Jak pokazało badanie o nazwie DAWN2, prawie połowa osób pytanych uważa swoich najbliższych za duże obciążenie. Czują się oni także niepewni i bezradni w kontaktach z nimi. Najbardziej boją się oni sytuacji   wystąpienia hipoglikemii” – mówi Klaus-Martin Rölver.

Jakie jest to naprawdę uczucie strachu opowiada nam matka Yvonne Behrend z Peine, która kilka razy w nocy musi wstawać, żeby zmierzyć poziom cukru we krwi swojemu synowi, Leanderowi. „To jest bardzo męczące w dłuższej perspektywie”, mówi nam ekspert Rölver.

Niekiedy diabetycy denerwują swoich najbliższych zmianami nastroju lub agresywnością z powodu niskiego poziomu cukru we krwi. „Trzeba tutaj zrozumieć, że mózg nie działa prawidłowo w przypadku znacznego niedoboru cukru” wyjaśnia Rölver. Również komplikacje z powodu niedoboru cukru i strach przed jedo następstwami, są bardzo obciążające.

Sabrina Lutter z Stadthagen była świadkiem jak jej przyjaciółka zapadła w śpiączkę cukrzycową. Podobnie Rolf Haug z Gröbenzell zmienił sposób żywienia w trosce o swoją żonę.

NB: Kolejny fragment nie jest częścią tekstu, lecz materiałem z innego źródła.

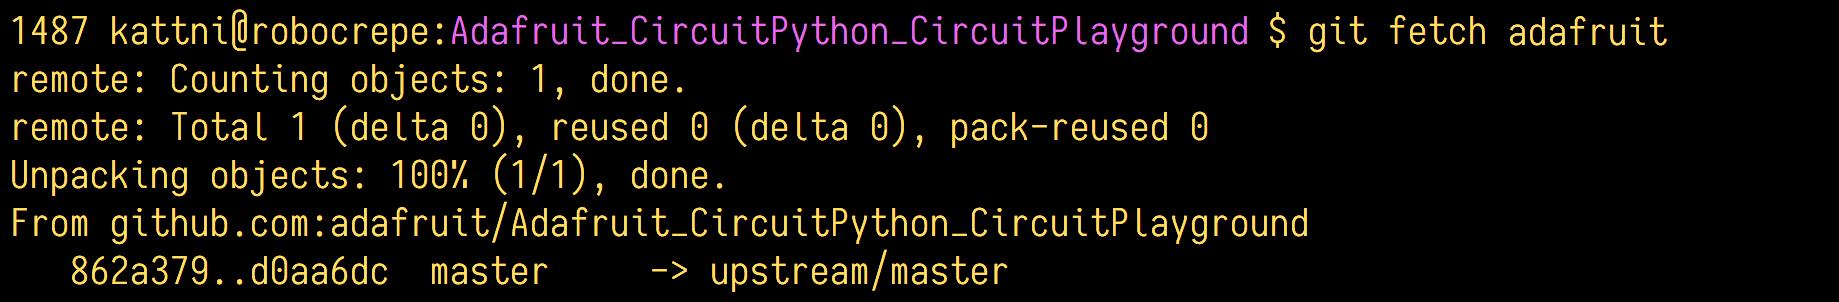 circuitpython_GitUpdateGitFetchAdafruit.png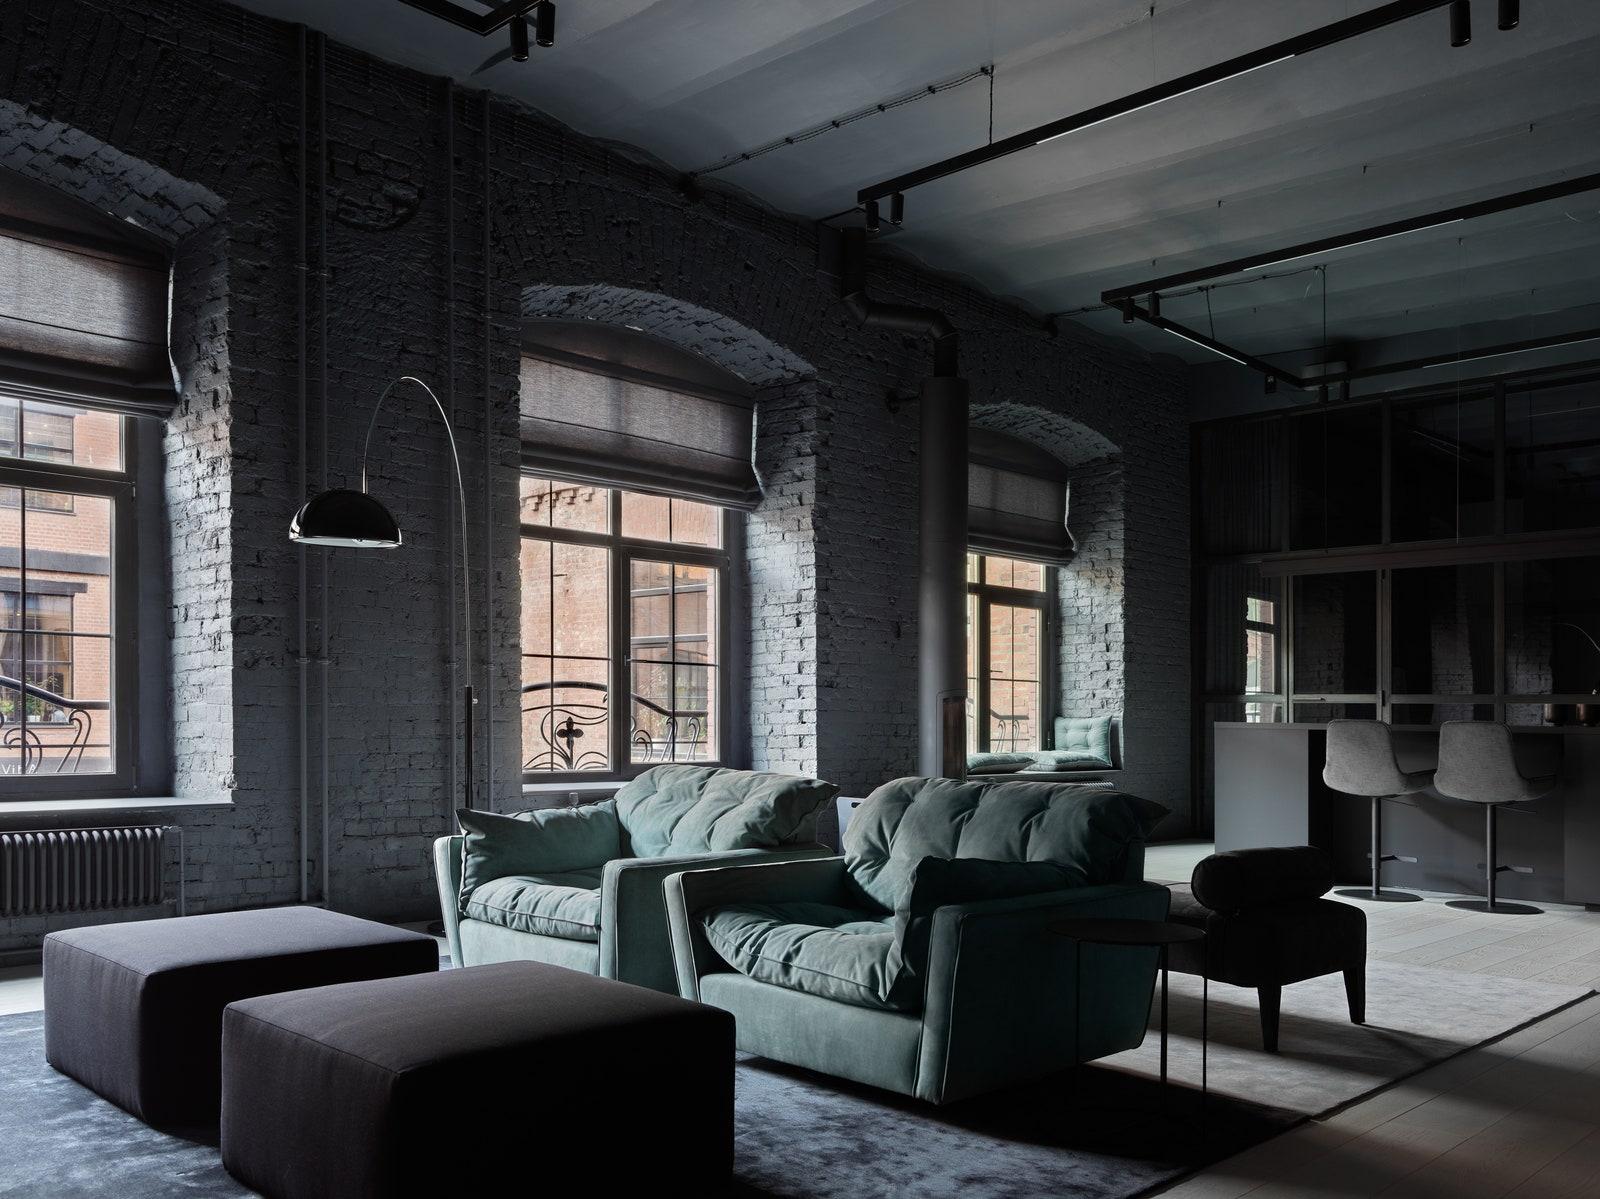 .    Baxter  Walter Knoll  Korb         RDP Home    Freifrau  Oluce  Delta Light  Focus Fireplaces.      M Carpet...

Ale zbyt duża nadopiekuńczość może być postrzegana przez diabetyka jako protekcjonalizm/protekcjonalność, ostrzega Rölver. Ciągła opieka nad chorym może nadszarpnąć taki związek.

Klaus-Martin Rölver zaleca krewnym cukrzyków branie uczestnictwa w specjalnych szkoleniach, skierowanych właśnie do nich. Odbywają się one w specjalistycznych punktach diabetologicznych.

 

„Najchętniej chciałabym być zawsze blisko Leandra”.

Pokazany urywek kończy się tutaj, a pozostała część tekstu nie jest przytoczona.